Jakarta, Suarabersama.com – Anggota Komisi IX DPR RI, Irma Suryani, menilai implementasi Program Makan Bergizi Gratis (MBG) menunjukkan kemajuan setelah berjalan selama satu tahun. Kendati demikian, ia mengingatkan agar pemerintah tidak terlena dan tetap memperkuat pengawasan, terutama terkait aspek keamanan pangan serta mutu gizi yang diterima oleh anak-anak.

Menurut Irma, jika dibandingkan dengan fase awal pelaksanaan, jumlah kasus keracunan makanan dalam program MBG memang cenderung menurun. Namun demikian, di lapangan masih dijumpai sejumlah kendala, mulai dari standar Satuan Pelayanan Pemenuhan Gizi (SPPG) yang belum seragam hingga pengelolaan menu yang tidak sepenuhnya sesuai ketentuan.

“Kalau kita bicara evaluasi satu tahun, memang ada perbaikan. Tapi masih ada SPPG yang tidak memenuhi standar, baik dari sisi sanitasi, penyimpanan bahan makanan, sampai proses pengolahan. Ini tidak boleh dianggap sepele karena menyangkut kesehatan anak-anak,” ujar Irma kepada Parlementaria di Nusantara II, Kompleks Parlemen, Senayan, Jakarta, Selasa (13/1/2026).

Legislator dari Fraksi Partai NasDem tersebut juga menyoroti masih adanya penggunaan bahan pangan yang tidak sesuai standar, termasuk makanan instan serta produk yang mengandung pengawet. Padahal, program MBG dirancang untuk mendukung pemenuhan gizi seimbang sekaligus menjaga kesehatan anak dalam jangka panjang, khususnya pada masa pertumbuhan dan perkembangan otak.

Selain kualitas bahan pangan, Irma menekankan pentingnya proses distribusi makanan yang higienis.
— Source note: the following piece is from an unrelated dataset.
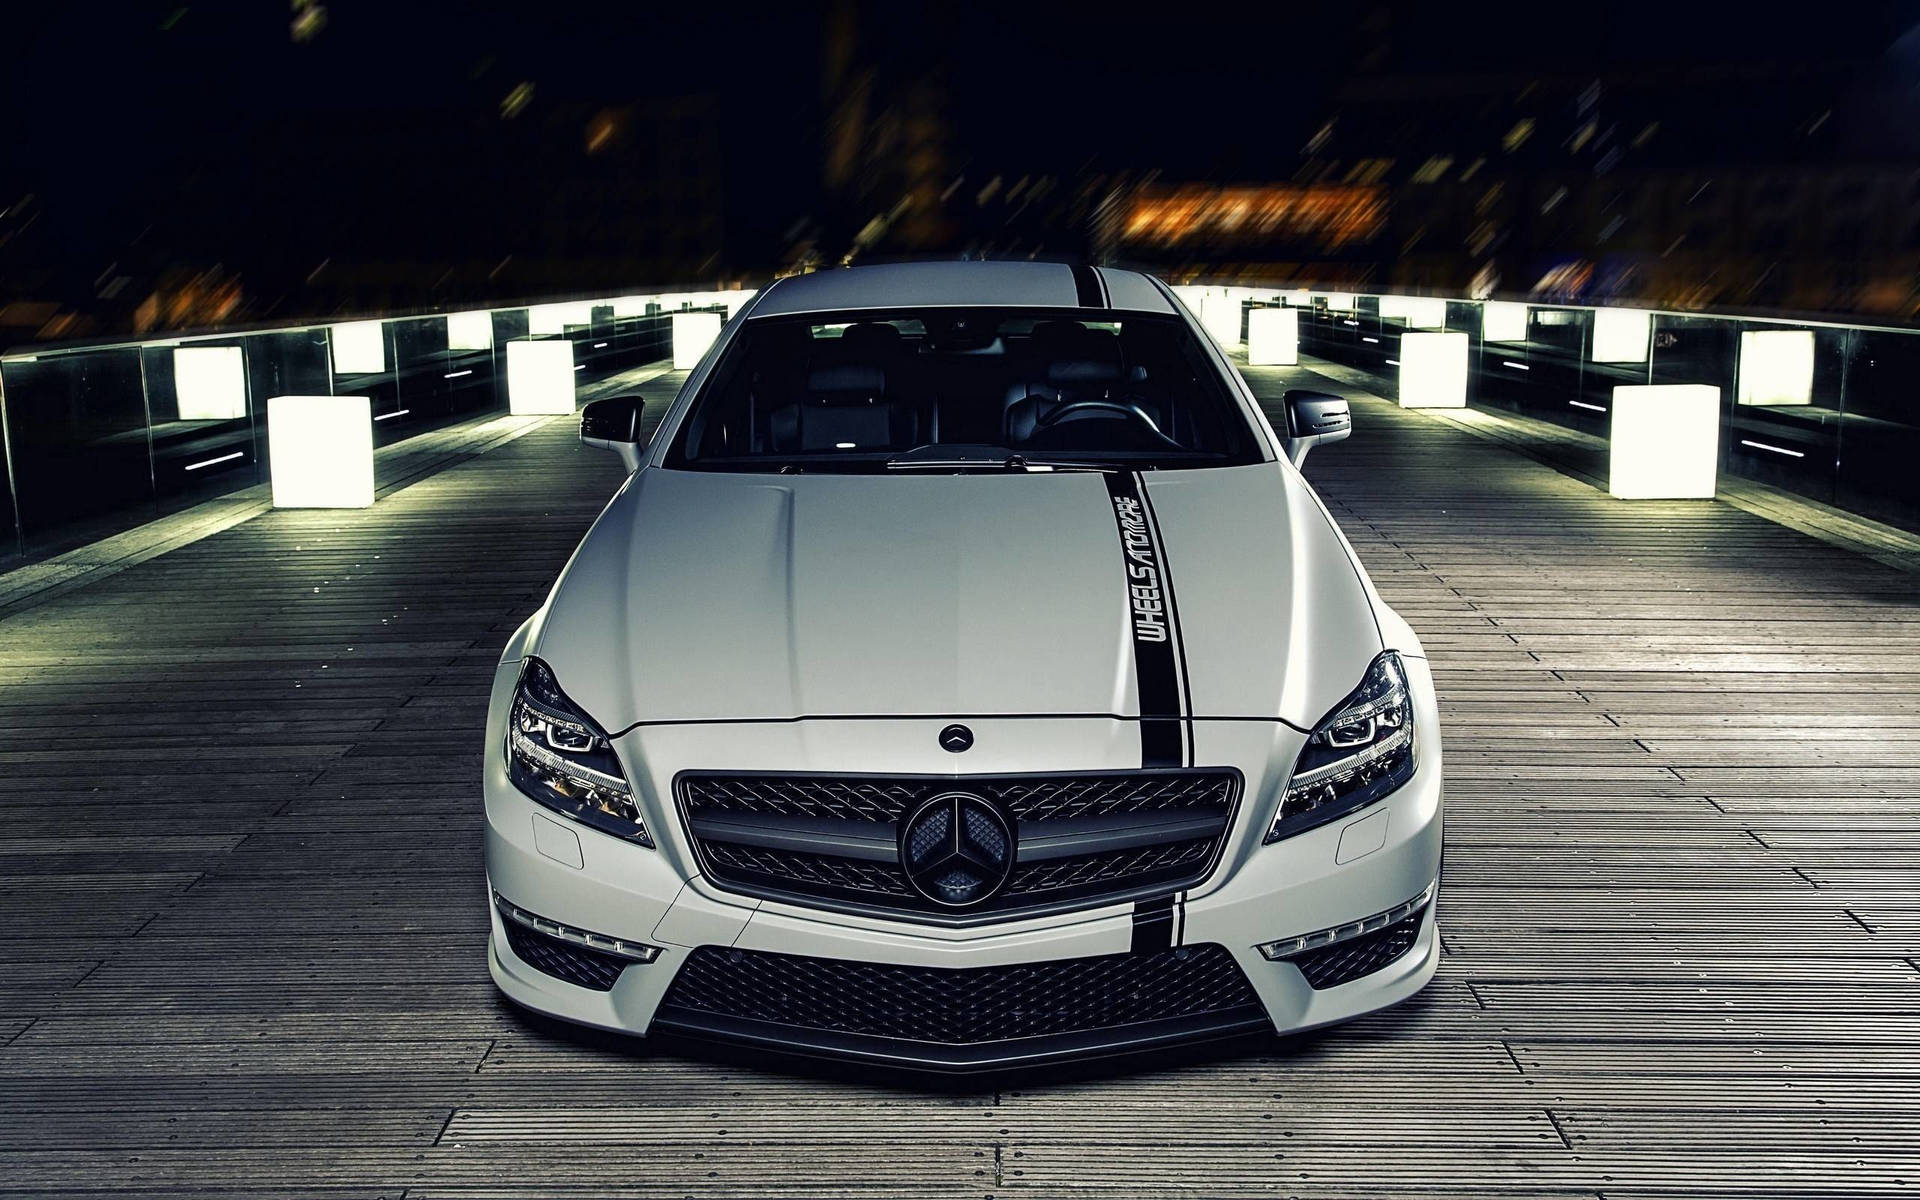 Embracer luksusen af høj ydeevne bil i Mercedes-Benz AMG. Wallpaper

Ia menilai, makanan yang telah dimasak sesuai standar akan kehilangan manfaatnya jika pengemasan dan penyalurannya dilakukan tanpa memperhatikan prosedur kebersihan. Karena itu, ia meminta seluruh pihak yang terlibat, mulai dari pengelola SPPG hingga kader di lapangan, menjalankan aturan dengan penuh kedisiplinan.

“Program ini harus mencapai zero accident. Jangan sampai tujuan baik negara justru menimbulkan masalah baru karena kelalaian teknis,” tegas politisi asal daerah pemilihan Sumatera Selatan II tersebut.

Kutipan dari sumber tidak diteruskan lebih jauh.